I think it depends on a couple of factors. First, some of us prefer static typing, but until a few years ago, the POS known as Java was the best available language with static typing. As languages like D build up libraries that make it easy to replace the functionality of scripting languages, many of us will move. Second, scripting languages lose their ease of use advantages quickly once performance becomes an issue. As data science and web services continue to grow at a fast pace, more programs are being written for which performance will eventually be an issue.

JavaScript is the most popular and growing language on earth.


AFAIK, nobody in the broader community was ever told that the D foundation money would be used to fund a bunch of Romanian interns, it just happened.

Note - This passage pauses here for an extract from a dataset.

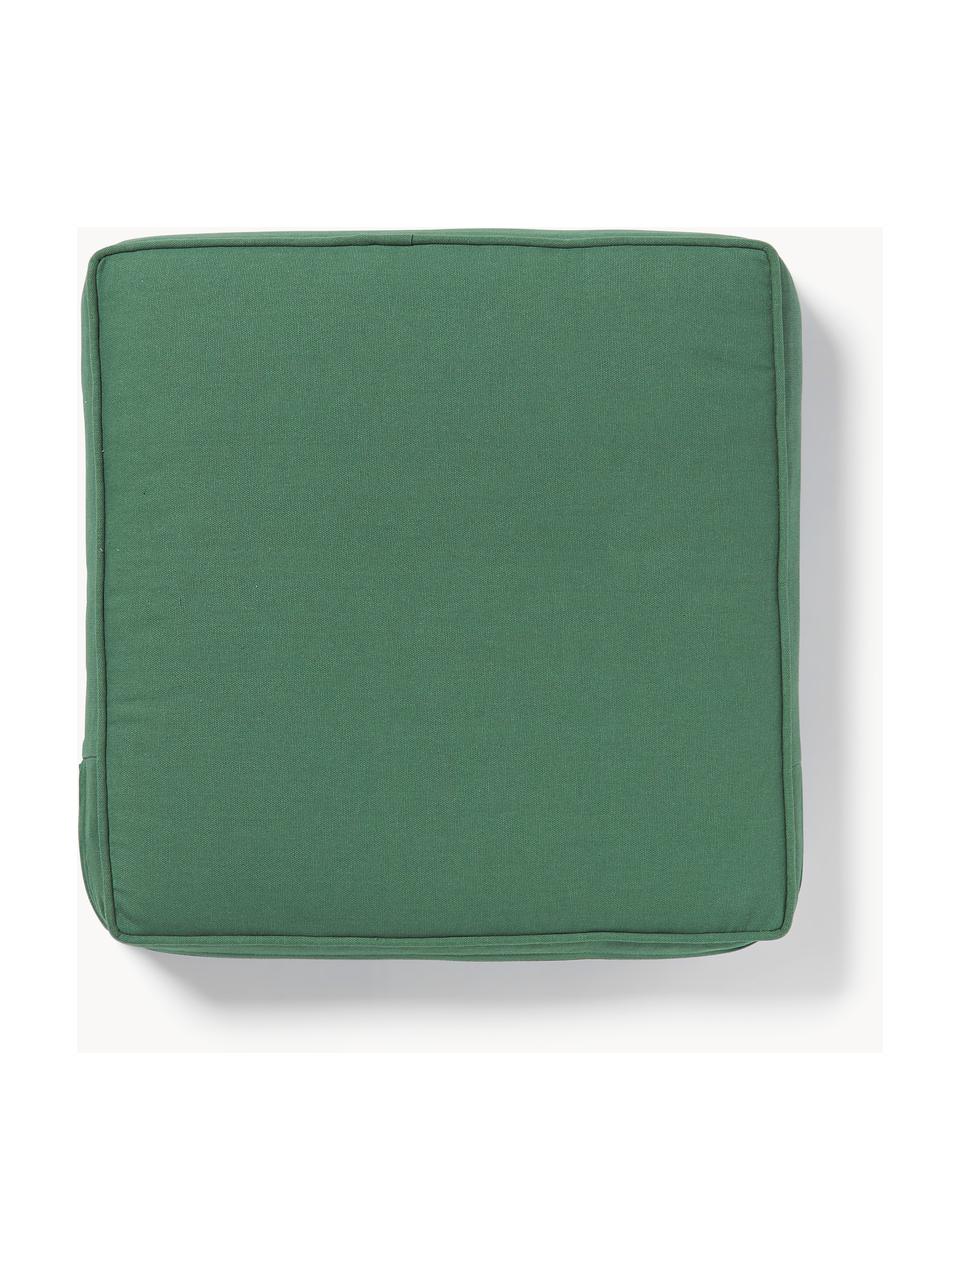 Cuscino sedia alto Zoey, Rivestimento: 100% cotone, Verde scuro, Larg. 40 x Lung. 40 cm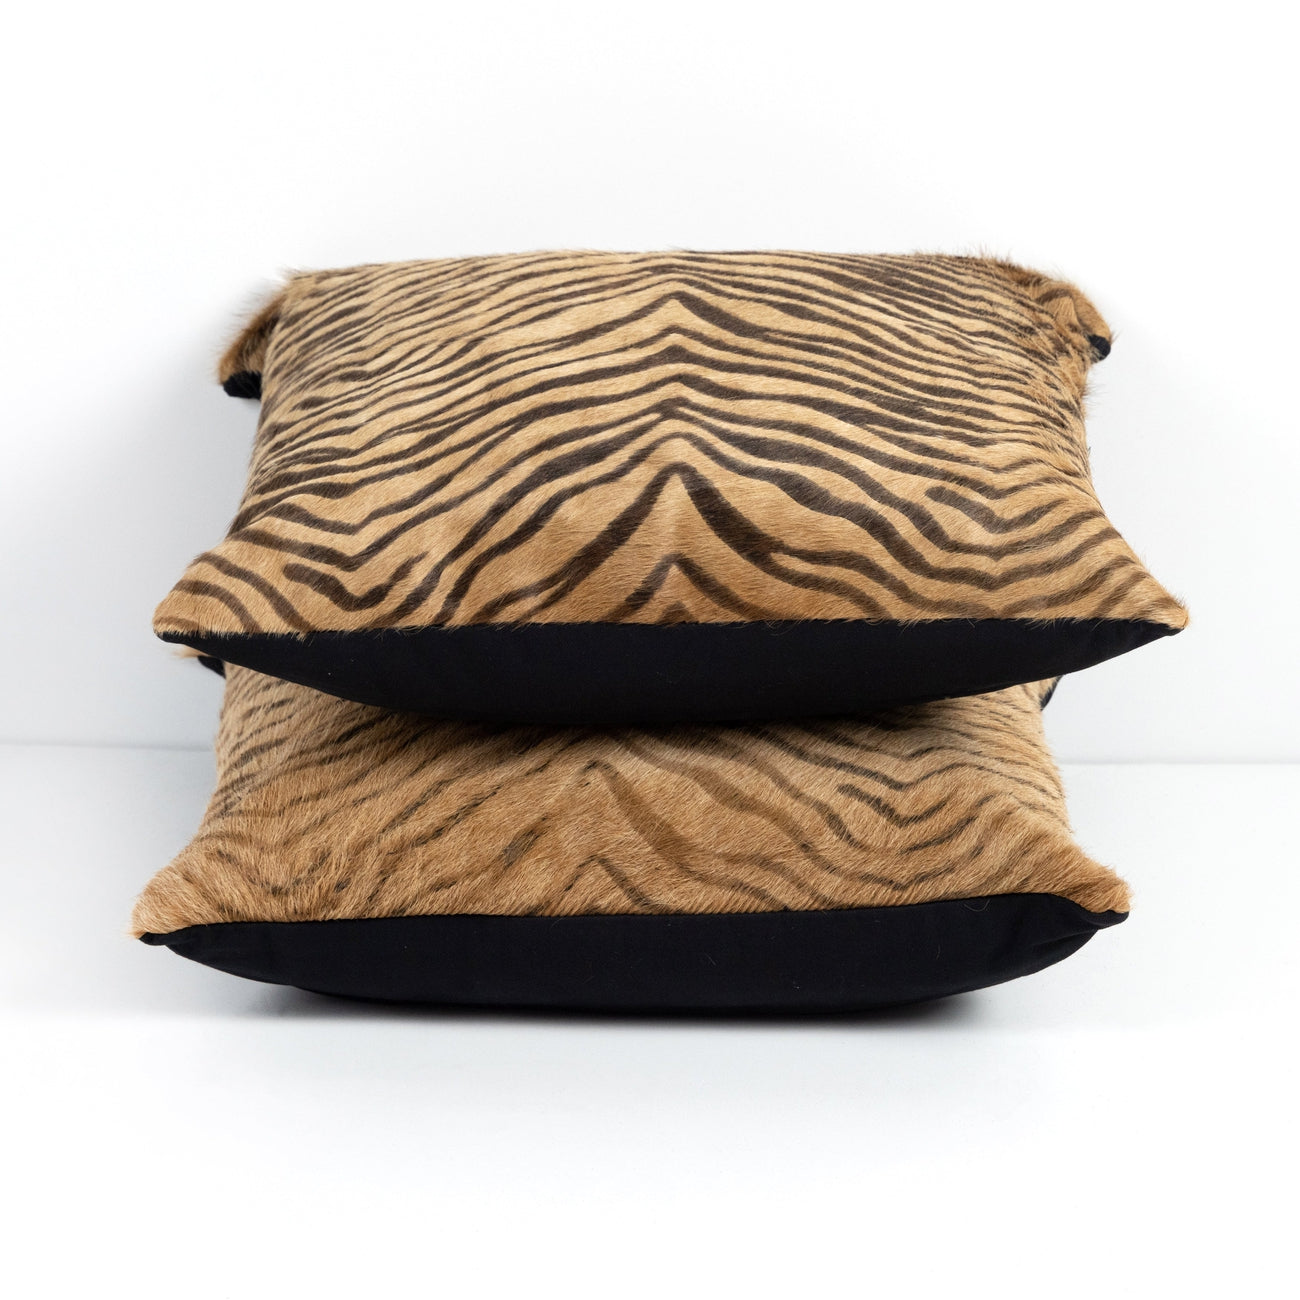 Four Hands, Zebra Printed Hide Pillow-Zebra Hair-S2-20

My understanding is that a lot of that was funded by Andrei (but maybe I am wrong) so I have never had a problem with that decision. Where it does cause problems is that anyone else, myself included, may not be eager to donate for that reason because it's not what we feel is going to help with adoption of the language. As you mentioned, some work on IDEs is being funded, but even then it appears to be one IDE for Windows users.

Windows? It's not an IDE. Its a text editor by Microsoft called Visual Studio Code and it's cross platform. The D extension is the most capable cross platform option. I use it on Linux an it works really well. I wouldn't hesitate to donate money just to see it gain further improvements. Its really awesome.

When I see people complaining about lack of D support for code editors...I wonder if they make effort to assert their complaints.

If course D cannot be supported on every ide/text editor. Popular ones are well supported. Visual Studio and Visual Studio Code being the best IMO. However, sublime, vim, and monodevelop have good support too.

Maybe they should mention what they're not getting from supported IDEs/text editors.

That's not relevant to anything I'm doing. It's better if I contribute by improving the ecosystem in a way that helps others doing the same things.


D has a very diverse use case so the generalization is moot. For example I prefer having the gc manage memory for me...For most of the things I do with D...contrary to other opinions.